◆ **TASK TO COMPLETE**: With the pictures removed, write out the full listing below exactly.

◆ **DATA SECTION**:
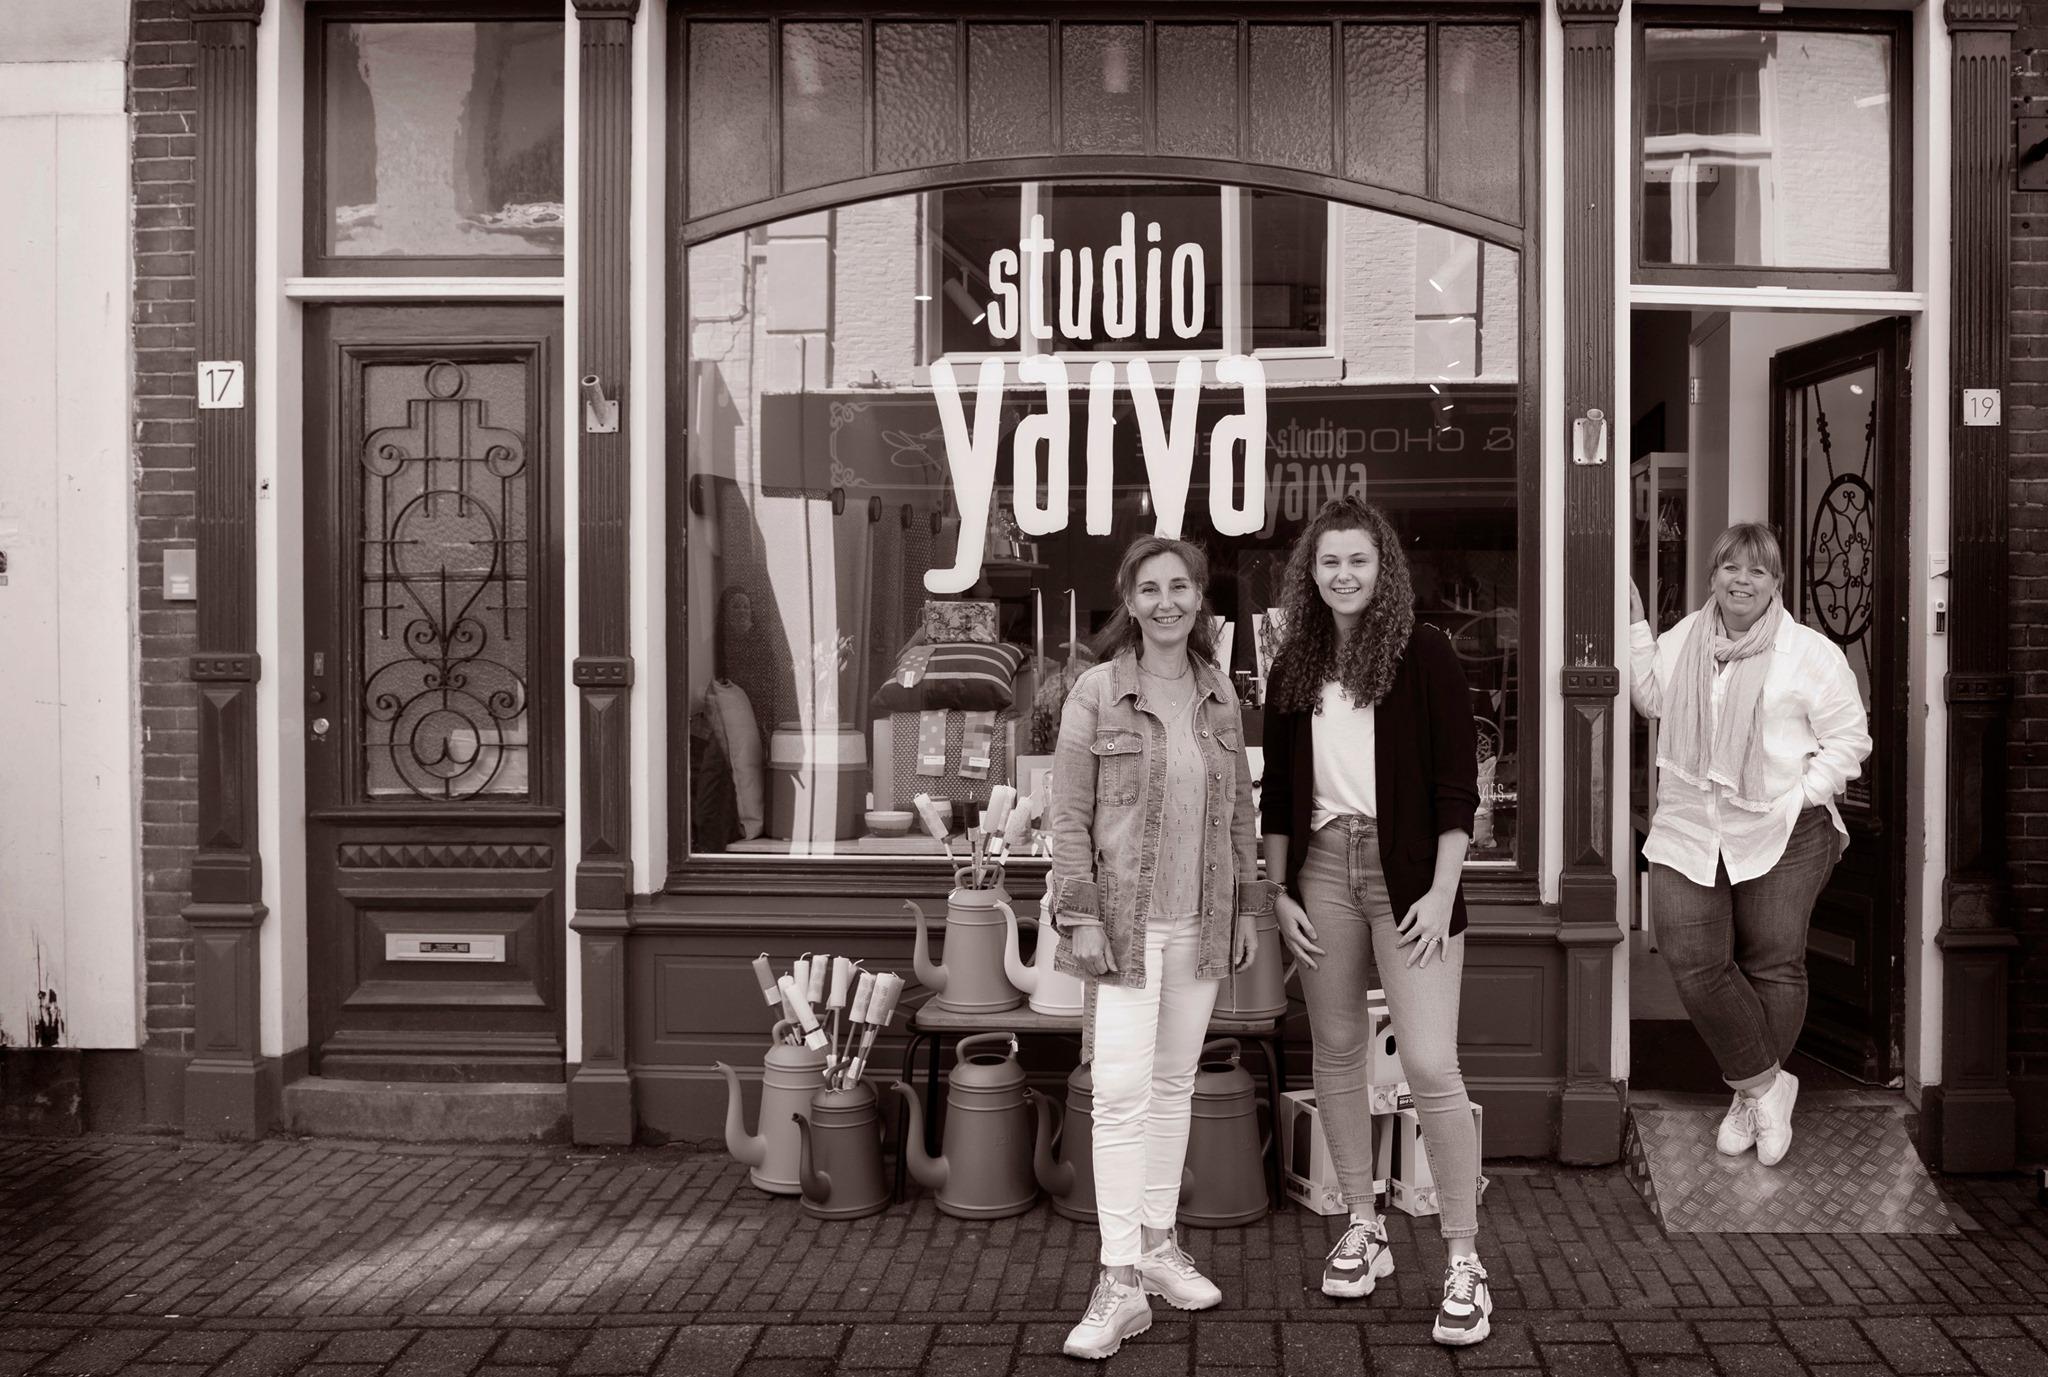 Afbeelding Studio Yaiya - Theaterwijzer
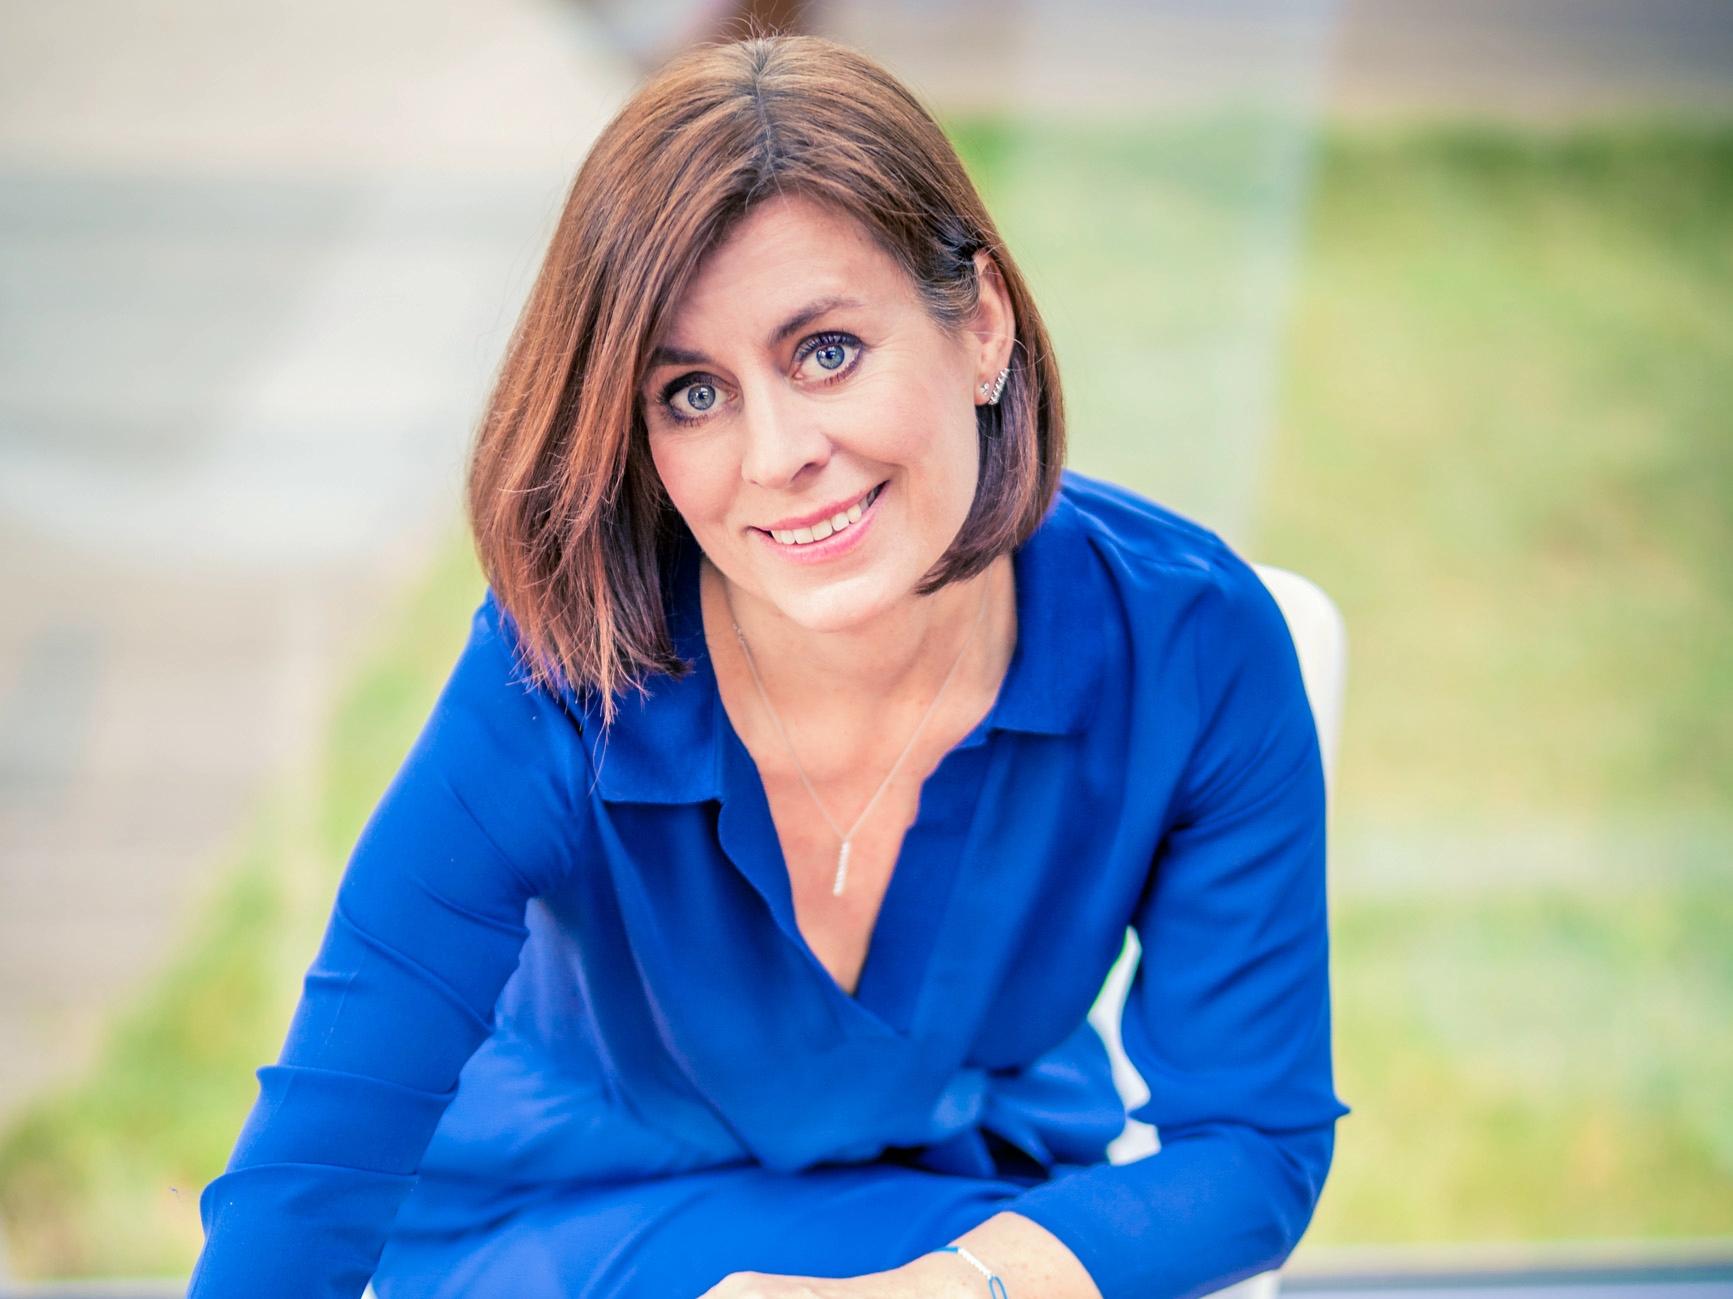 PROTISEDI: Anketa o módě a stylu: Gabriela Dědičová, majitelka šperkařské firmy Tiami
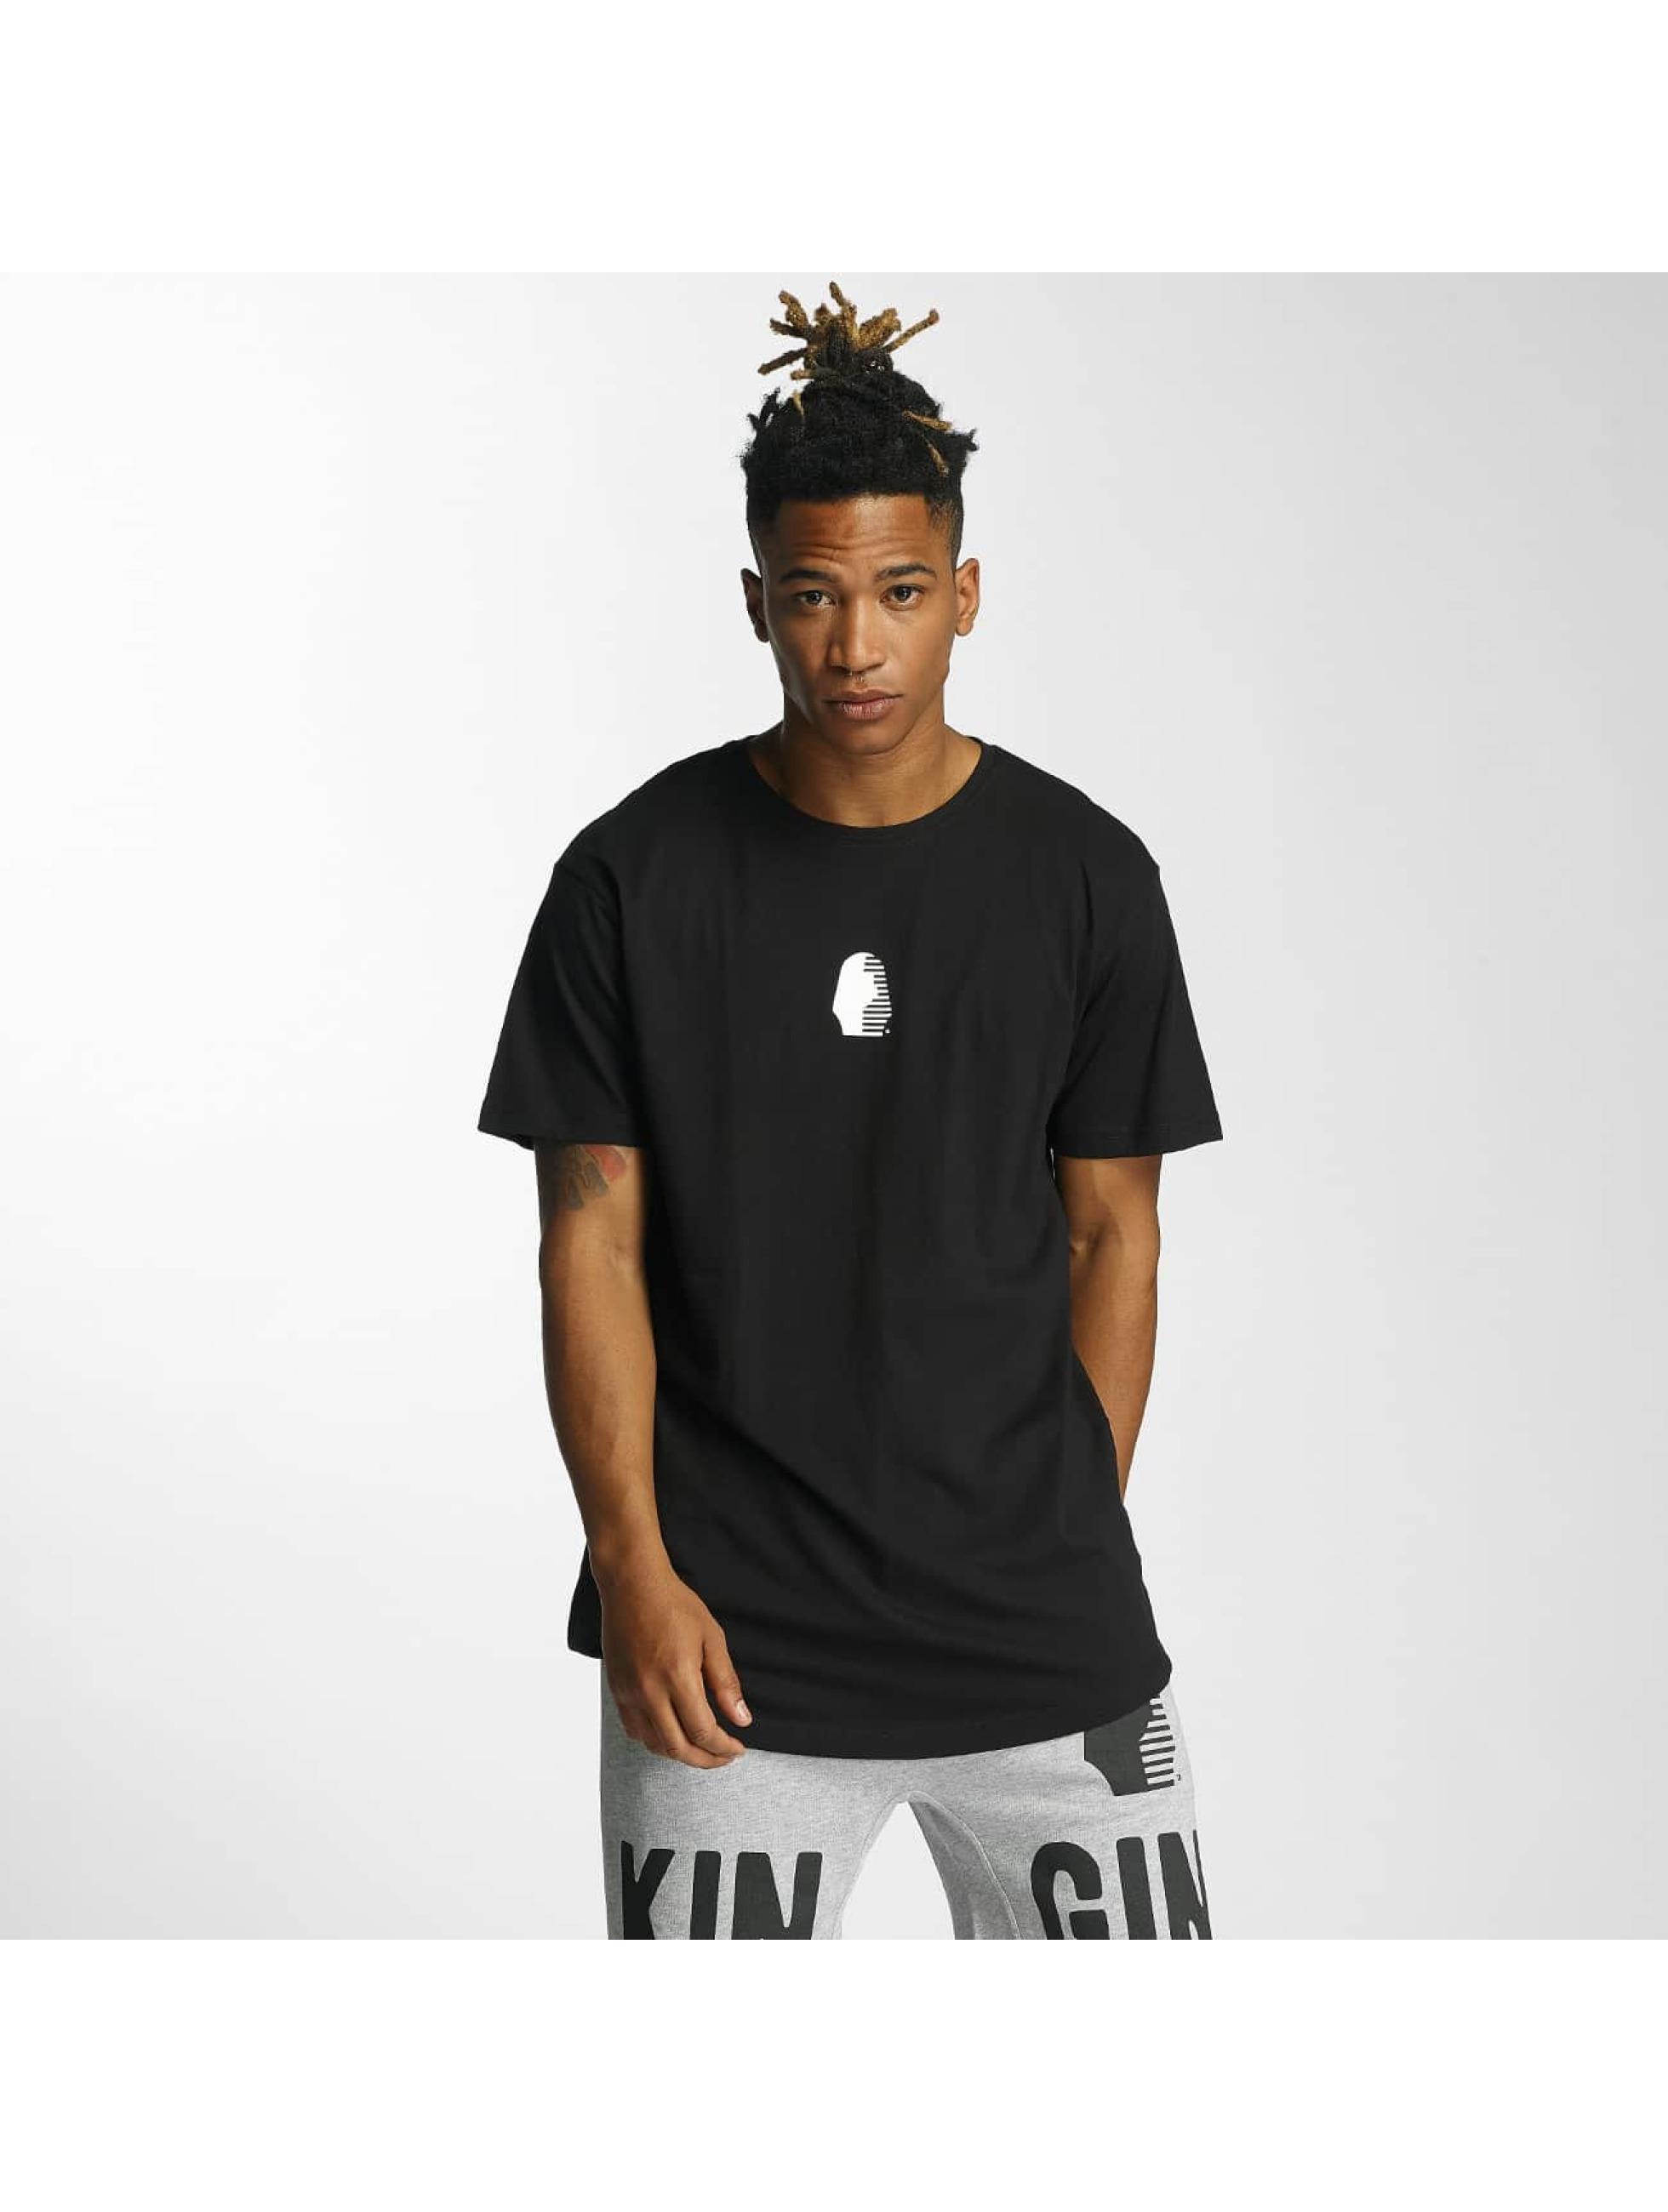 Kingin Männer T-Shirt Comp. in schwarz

◆ **EXERCISE RESPONSE**:
 Afbeelding Studio Yaiya - Theaterwijzer
 PROTISEDI: Anketa o módě a stylu: Gabriela Dědičová, majitelka šperkařské firmy Tiami
 Kingin Männer T-Shirt Comp. in schwarz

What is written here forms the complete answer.